Another major stakeholder in local housing production: 

Conservationists. 

“With CEQA, we have benefited from mitigation from development projects that had buffer zones that created trails and restored lands,” said Melanie Schlotterbeck, an open space advocate with Hills for Everyone, a nonprofit that helped create Chino Hills State Park .

“And so CEQA has been a driving force in conservation,” she said. “So of course we support it.”

However, Schlotterbeck said, “We also recognize that there may be updates that need to be addressed that modernize the CEQA provisions that set procedures for settlements, that clarify exemptions, et cetera.” 

She called CEQA an “unfair” scapegoat when cities should be focused on streamlining their General Plan policies – documents that outline a community’s vision for planning out growth.

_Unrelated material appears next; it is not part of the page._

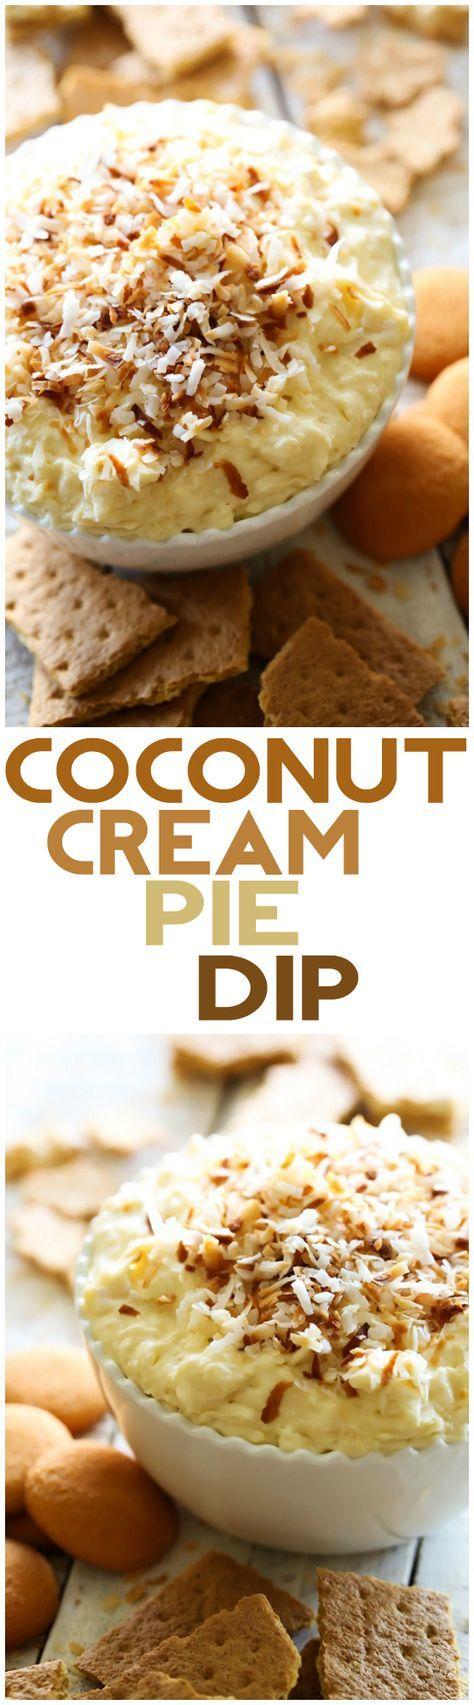 The most delicious coconut cream pie transformed into one unforgettable dessert

In turn, she and the Planning and Conservation League agree it’s time to revisit certain sections of the policy but said “we’re not entirely comfortable with the rollbacks that are being proposed through the May revision of the Governor’s budget by trailer bills.”

Homebuilding in general still faces numerous hurdles, like a lack of political will or incentives for developers to build low-income units, said Hansburg.

“When you finally start to talk about a site … It’s one of the least popular projects that you can bring to your constituents. They’d much rather see new playground equipment in the park, or a new park or some other kind of community benefit,” she said.

Ahlswede agrees.

“The real solution is saying yes to more and not being stuck on, ‘Well, I don’t want affordable housing because I don’t want the traffic that that brings, or I don’t want density, because that’s too many people in my area, or I want to see this be a park.’ Well, that’s lovely. It’s been a factory for 20 years.”

Hansburg said the crisis is so widespread, it could drown out the gravity of the situation.  

“The sense of urgency is lost because it’s a perpetual crisis everywhere,” Hansburg said. “There is absolutely an urgency to this issue.”